Our perspective is unique, and that makes it hard to relate to us many times. But your perspective is unique, and so is everyone else's really. We might cleave to others who have similar perspectives, and in doing so we begin to feel like our perspective is somehow better or fuller or wiser. Or we might set ourselves up against others with different perspectives to make ourselves feel superior...or just plain different, unique.
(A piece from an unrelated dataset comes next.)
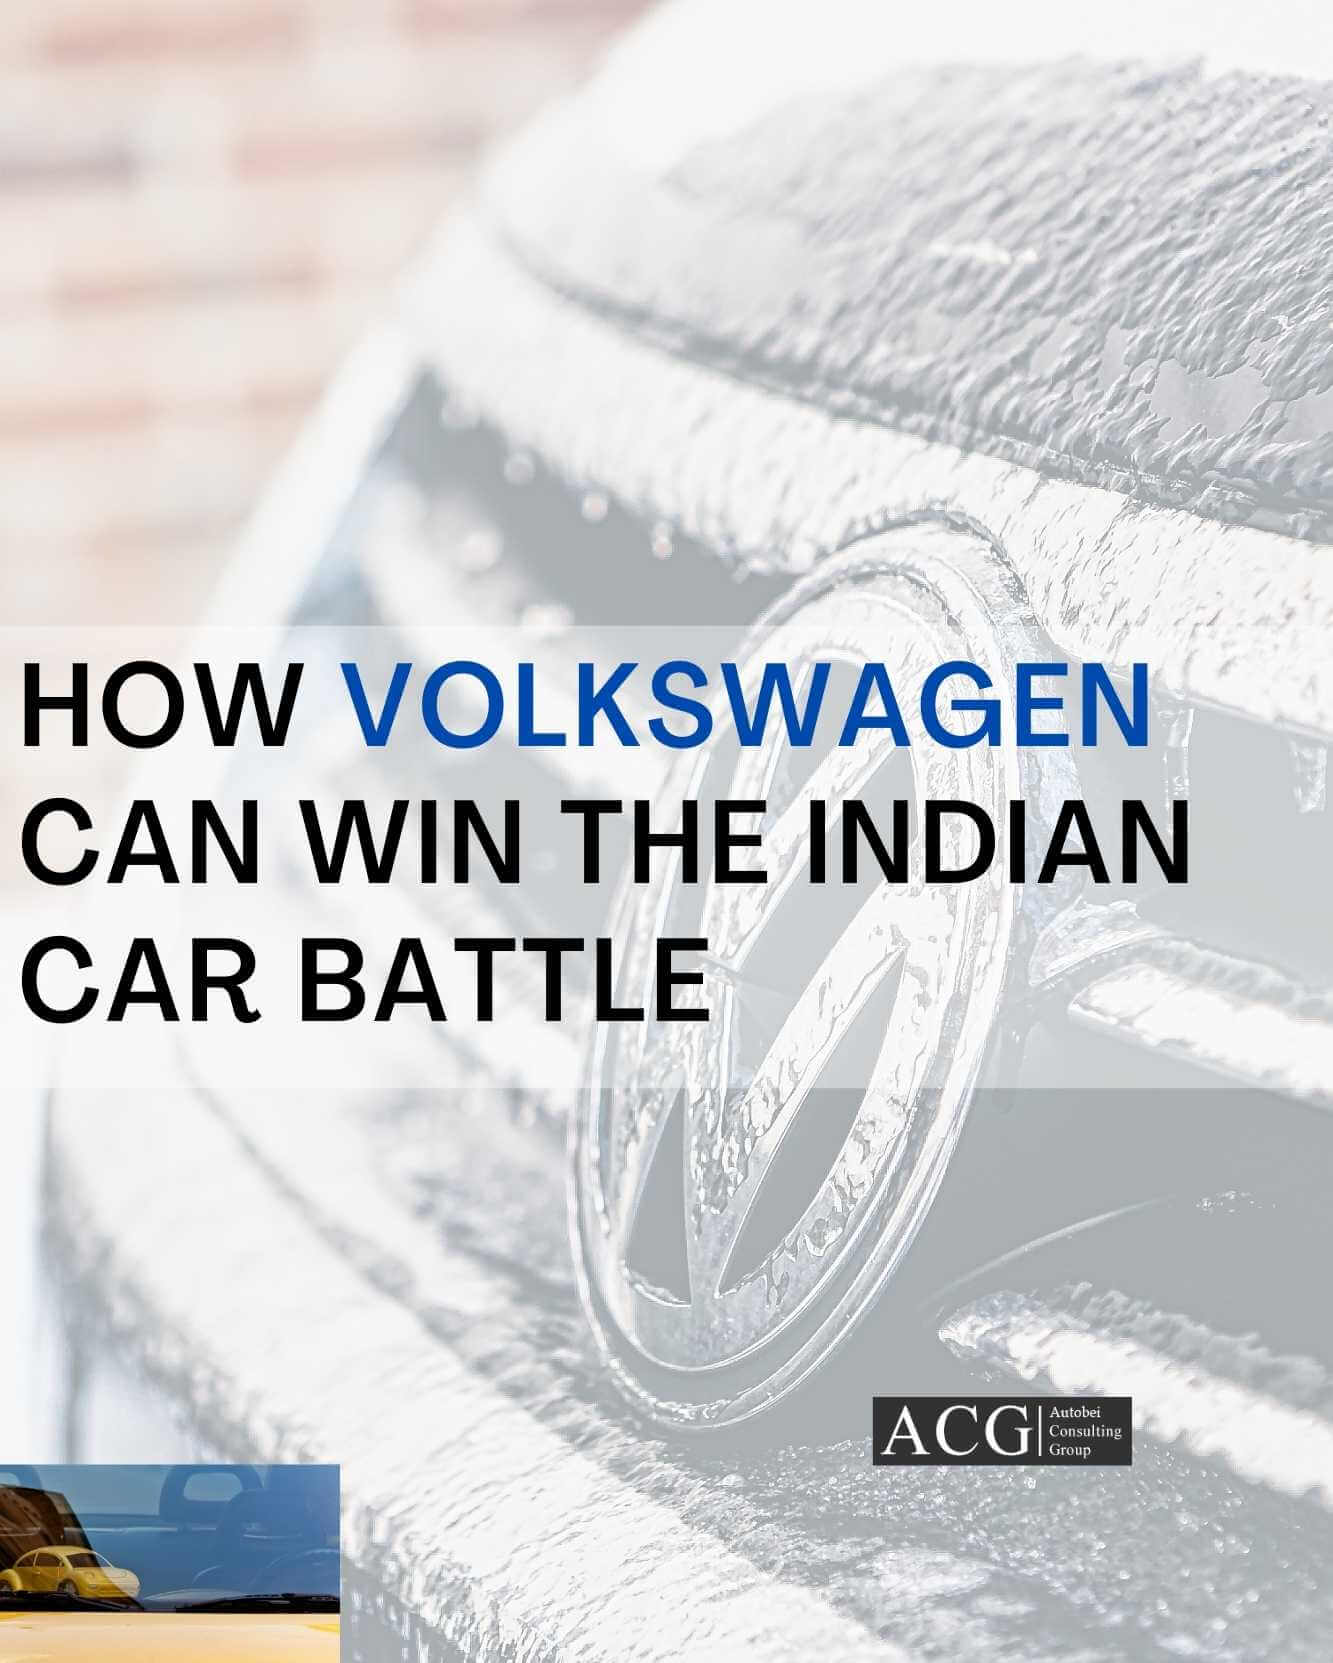 How Volkswagen can win the Indian Car battle

The current "Mommy Wars" highlight how different perspectives can cause strife. Not just about "values," these conflicts emerge from how we view the world and our lives in the whole. A wise mother I greatly admire recently said to me, "I don't even think about organic food." She is a craftswoman, a highly thoughtful and intelligent mother, but she lacks the resources to afford organic food. I have no doubt that she does her best to offer her children a healthy diet and that if she chose to work full-time rather than stay home with them, she might be better able to afford organic food if she so desired. Instead, she doesn't think about it. That is her perspective on the world around her. Can I fault her for it? Should I judge her and think that she's not doing the "best" for her kids?
A lot of the decisions that are battled in the "Mommy Wars" come from a securely middle-class perspective. Whether to stay home or not, whether to provide organic food or not, whether to breastfeed or not, all assume that mothers have full luxury of choice. Women who do not anatomically make enough milk or whose babies have palate issues do not have a choice to breasfeed. The poor, rural women among whom I grew up did not have a lot of choice to stay home or live organically. Single mothers often have very clear choices. Unfortunately, these are not choices made purely on values. They are choices made out of one's perspective. Taking into account the full sum of my life, of my responsibilities, of my resources, how do I soldier on?
Our perspectives are all different. Built from the sum of our experiences, of our hopes and dreams, of the roles we must fill, they color how we lead our lives. They color how we judge the people we encounter in our lives. Sometimes, they make it hard to simply live out our lives. If you want to truly love someone, if you want to touch a heart and not simply a need, try to wrap your head around her perspective. It will be different from yours, your assumptions will be shot to bits, and your perspective will be changed, too.